Mine took just three days! arived yesterday, I'm sure you'll be ok......Oh : victory:yeah, Im going!!: victory:


----------



## jungleboy (Aug 7, 2007)

3 adults on a business card according to the website.
Although it says 2 adult plus thier children we went as 3 adults on a family card to the doncaster show.


----------



## K.J.Geckos (Sep 7, 2006)

thought it was 2 adults on the family card?


----------



## CBR1100XX (Feb 19, 2006)

jungleboy said:


> 3 adults on a business card according to the website.
> Although it says 2 adult plus thier children we went as 3 adults on a family card to the doncaster show.


cool, just don't want to get there and they refuse. I was hoping some one would know one of the head honchos:mrgreen:


----------



## sami (Oct 23, 2006)

i'm going... we have a table booked. 

Mason can't come now, he has to work  
doesn't normally work weekends, but this is the one weekend he has to work! 
gutted. 

taking a mate from my college course.. manage to sort his membership in time. 
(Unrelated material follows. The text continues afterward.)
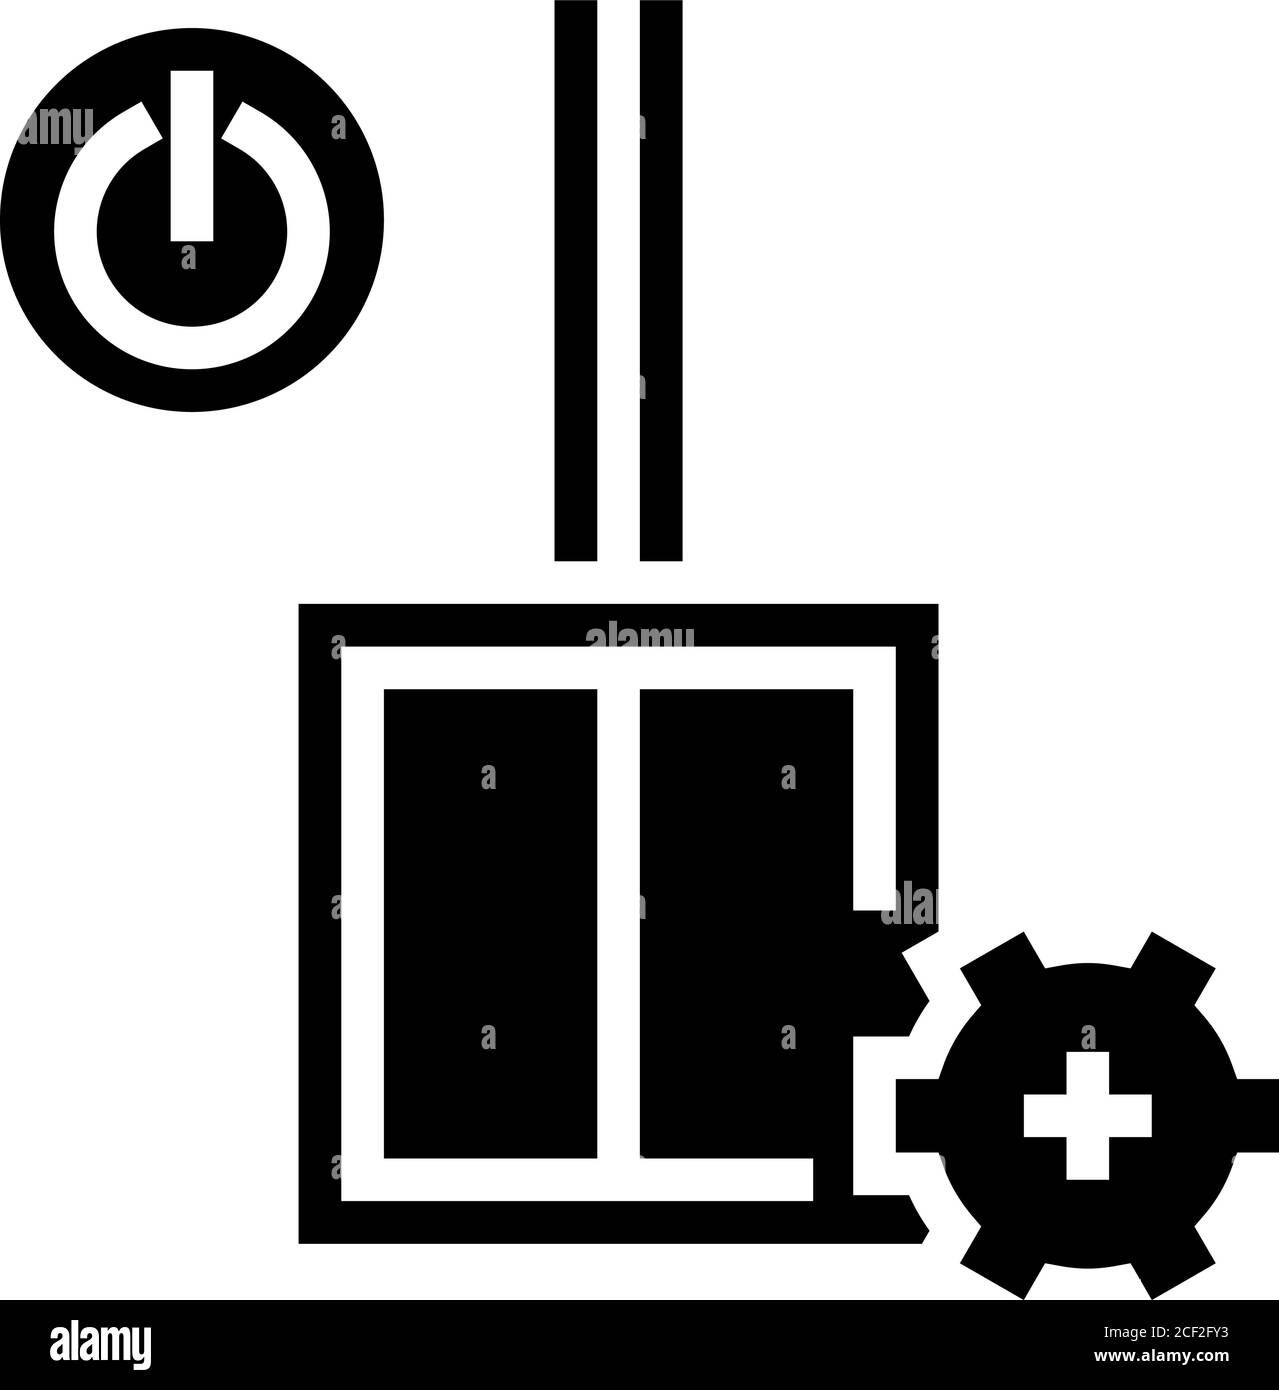 immagine vettoriale dell'icona glifo di installazione dello switch Illustrazione Vettoriale

just hope that 4 of us, plus all the stuff we're taking to sell fits in the car!!

Sami


----------



## PendleHog (Dec 21, 2005)

Sy I have emailed the IHS twice in the past fortnight too and never got a reply  I wanted to know if my membership was still valid as I cant remember and have lost my card. In the end I just forked out another £19 for a new membership.. probably didnt have to either!


----------



## Kev132 (Aug 13, 2006)

PendleHog said:


> Sy I have emailed the IHS twice in the past fortnight too and never got a reply  I wanted to know if my membership was still valid as I cant remember and have lost my card. In the end I just forked out another £19 for a new membership.. probably didnt have to either!


BUT any membership you get from now onwards, will cover you for all of next year too, so not really wasted


----------



## sue (Mar 17, 2005)

I am going and have tables booked:no1:


----------



## CBR1100XX (Feb 19, 2006)

Well I have just contacted organizer and Family membership can only allow 2 adults and 2 children.
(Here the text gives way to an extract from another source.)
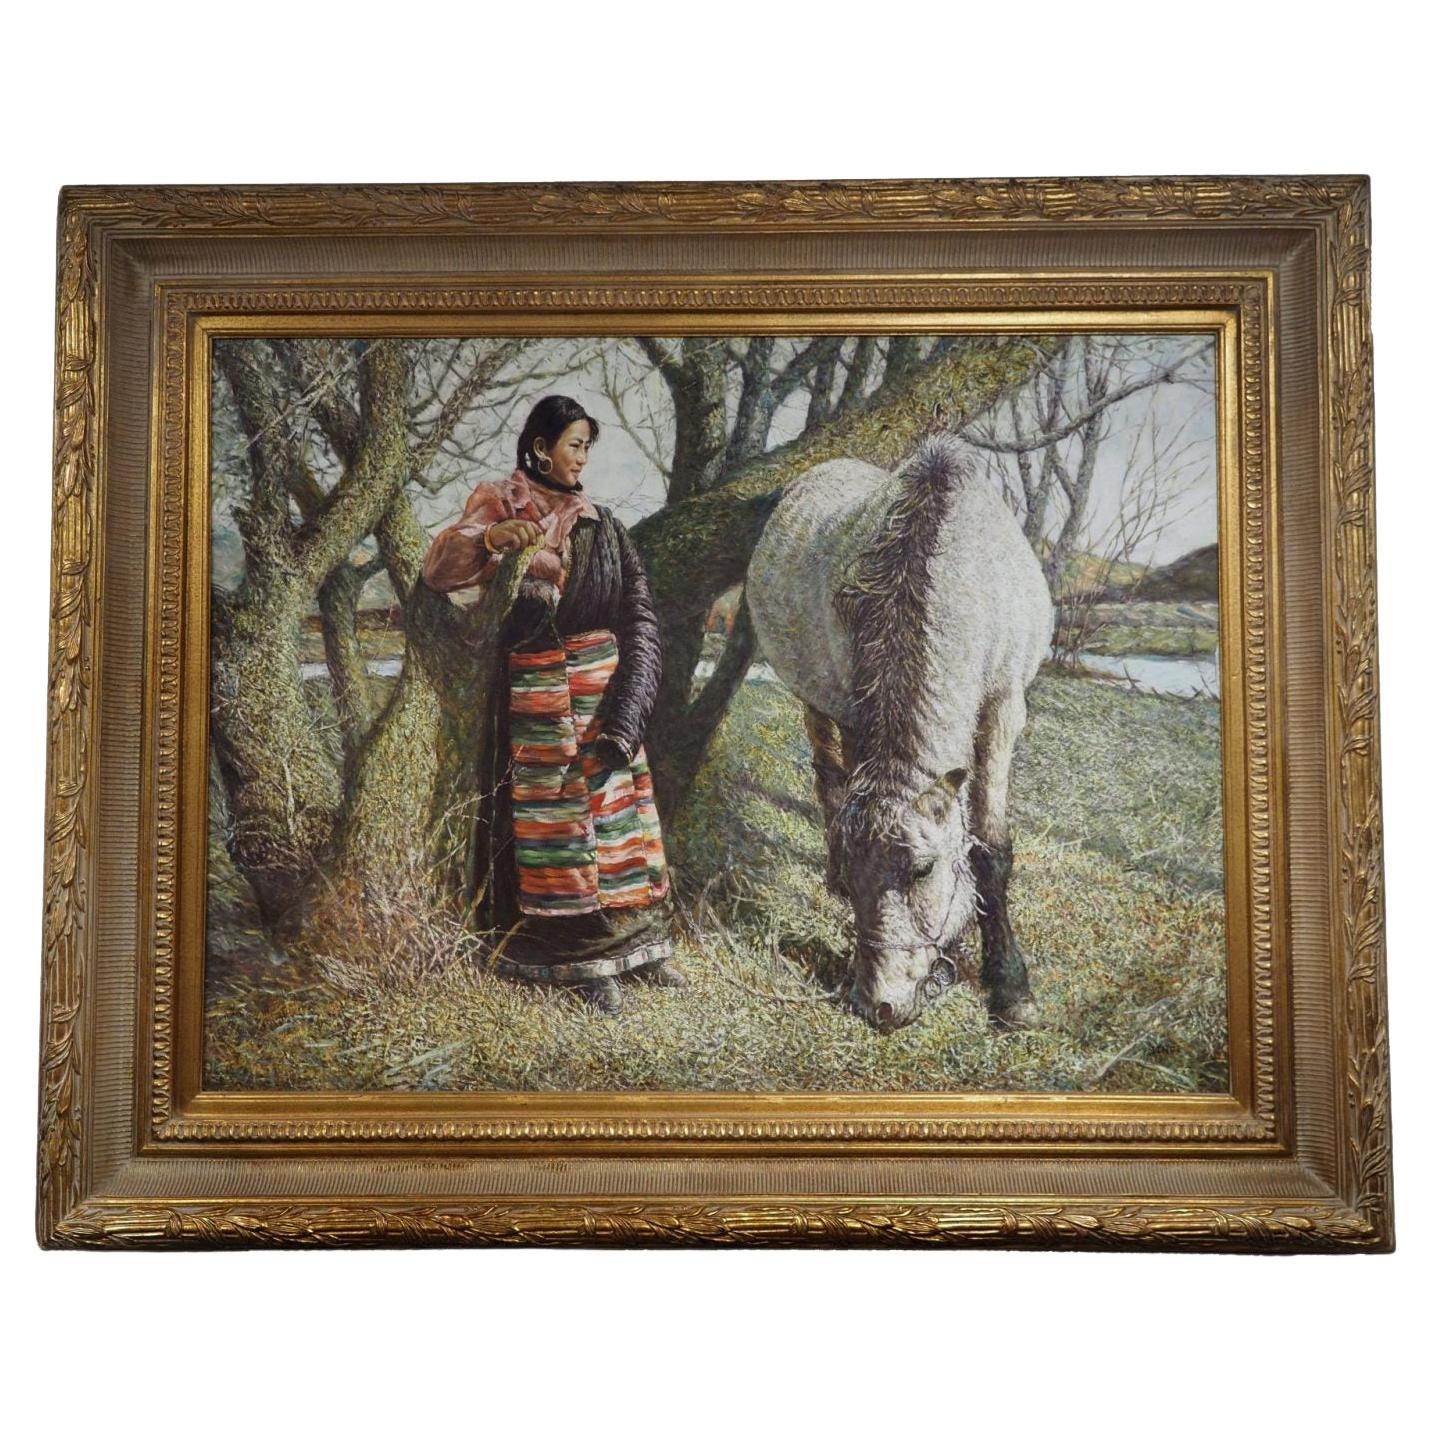 Frau und ihr Pferd, Original, Öl auf Leinwand

So I will be taking my sister and my daughter and my sisters hubby can't come.

I should have asked if PRAs membership is allowed as I joined that as well as IHS.


----------



## Andy (Jul 27, 2005)

I am sure someone on here who isnt going could lend you a card Sy for your sisters hubby. i cant as i dont have one but someone might!


----------



## jungleboy (Aug 7, 2007)

fazer600sy said:


> Well I have just contacted organizer and Family membership can only allow 2 adults and 2 children.
> 
> So I will be taking my sister and my daughter and my sisters hubby can't come.
> 
> I should have asked if PRAs membership is allowed as I joined that as well as IHS.
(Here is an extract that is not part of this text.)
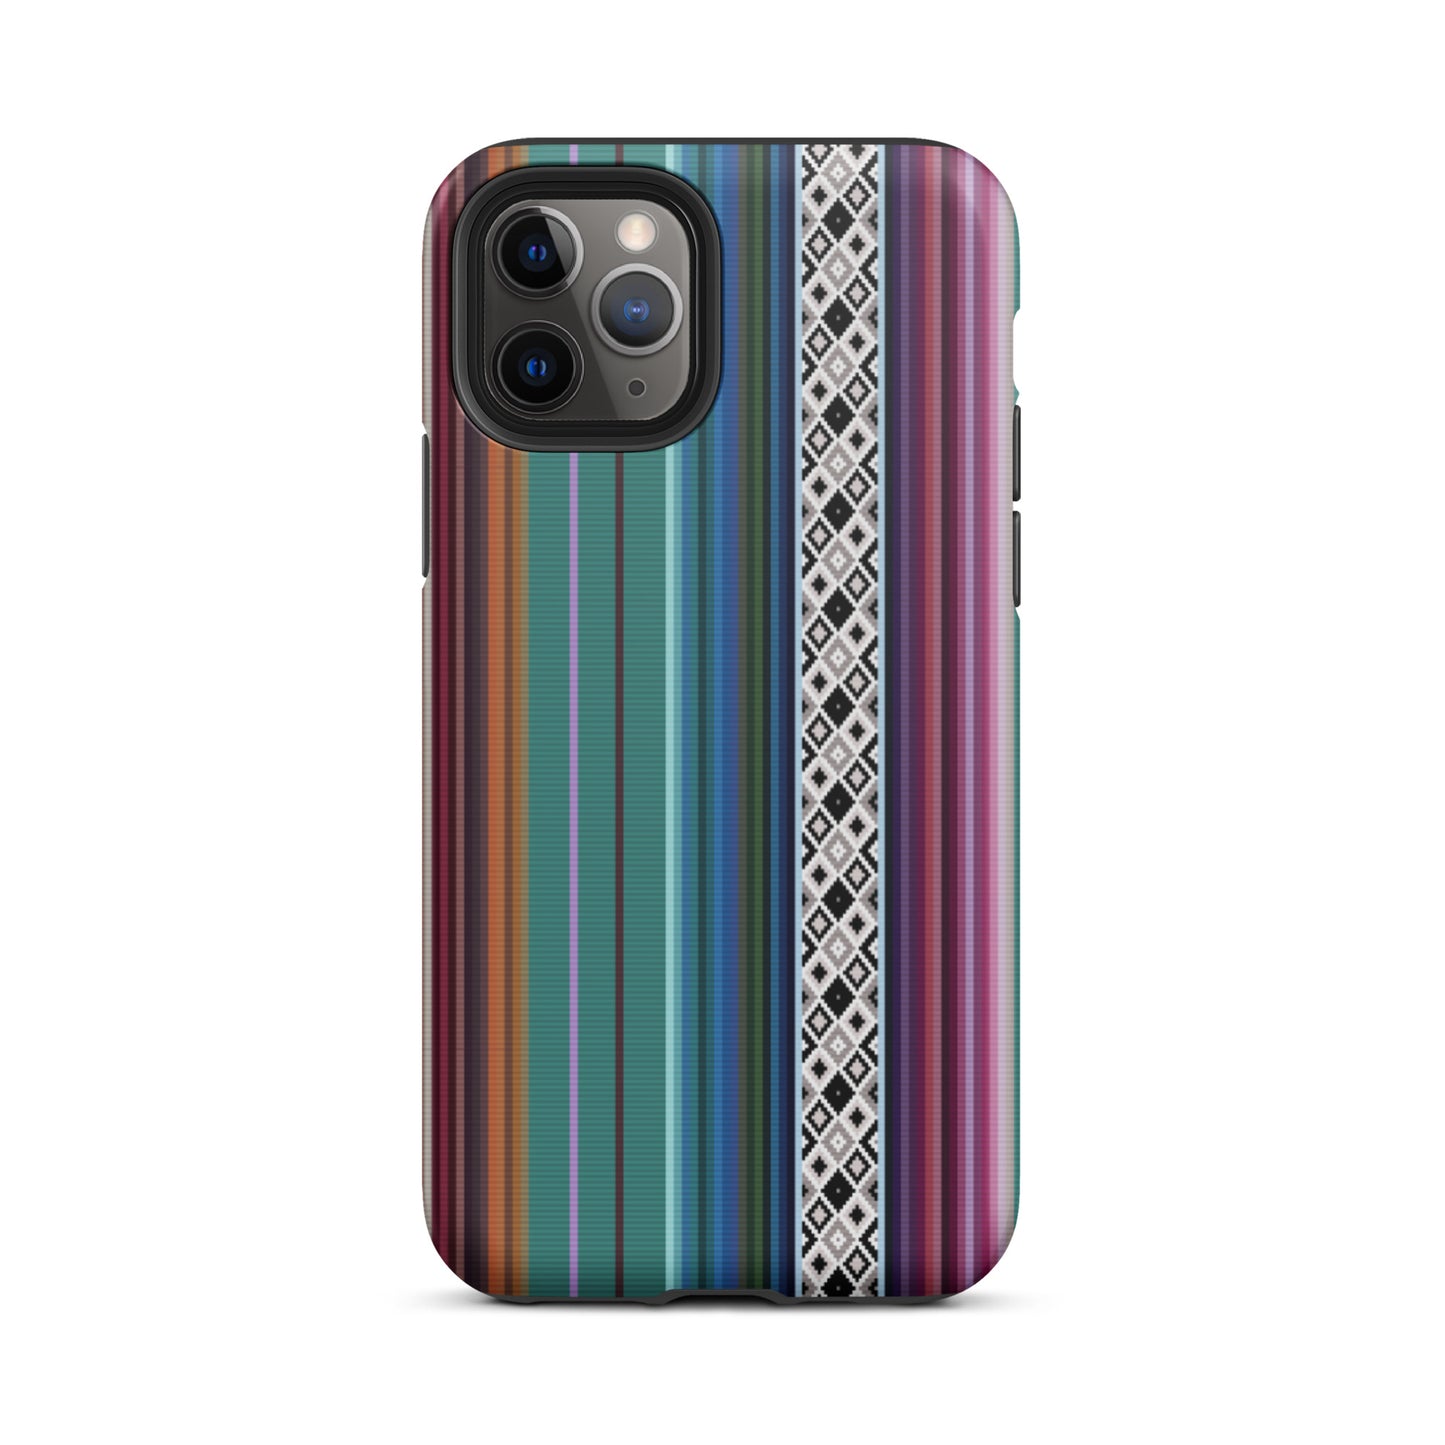 Mexican Aztec Tough iPhone 11 Pro case

Sorry to hear that, they must have clamped down a bit, but I"m fairly sure on the original form it was different, just trying to find it.


----------



## kennedykrew (Jul 31, 2006)

Yeah on my application it was 2 adults 2 kids. we'll be there! : victory:


----------



## PendleHog (Dec 21, 2005)

Kev132 said:


> BUT any membership you get from now onwards, will cover you for all of next year too, so not really wasted


Well it IS wasted really, because I probably wouldnt have renewed my membership next year! Ahwell... no big loss


----------



## rob-stl-07 (Jun 3, 2007)

i'm going, also heard pollywogs going so might get a few anurans maybe


----------



## CBR1100XX (Feb 19, 2006)

Well make sure you all say hello when you see me.


----------



## K.J.Geckos (Sep 7, 2006)

god i cant wait to go.im on count down.how sad am i?:whistling2::lol2:


----------



## purejurrasic (Mar 18, 2006)

I love the shows, but cant help thinking...

'oh no, another really early start, 100s miles driving and getting home late'

Still, gota be done.


----------



## ViRMiN (Aug 6, 2007)

Good job I spotted this thread, I might have turned up and been refused entry for not being a IHS member. I've never heard of this society but, have found the website... is this usual to require membership to get into events?


----------



## purejurrasic (Mar 18, 2006)

Different societies have different rules, even within the IHS

Some are fully open to the public, others non members pay more and enter later, and still others are full members only.

With the IHS, if your in FBH or an afflilated society, then thats fine, it counts.


----------



## grannykins (Oct 9, 2006)

Theres lots of us going, but I wont know anyone as I have only met the odd one or two people in the flesh :sad:. Anyone taking any nice rat snakes?


----------



## DraigGochHerp (Jun 15, 2005)

sue said:


> I am going and have tables booked:no1:


It'll be nice to see you again Sue, it's been a while.
Graham.


----------



## PendleHog (Dec 21, 2005)

Kev132 said:


> We're going so long as we can get there !!!


I thought I was driving you?! :Na_Na_Na_Na:


----------



## Dexter (Jun 24, 2005)

Damn, no one from my area is going by the looks of it :roll:


----------



## Dexter (Jun 24, 2005)

quixotic_axolotl said:


> i'm going... we have a table booked.
> 
> Mason can't come now, he has to work
> doesn't normally work weekends, but this is the one weekend he has to work!
> ...


Hi Sami, I've just pm'd you. Actually I wrote to Mason, but by the looks of it, you're the one for me to ask a big favour.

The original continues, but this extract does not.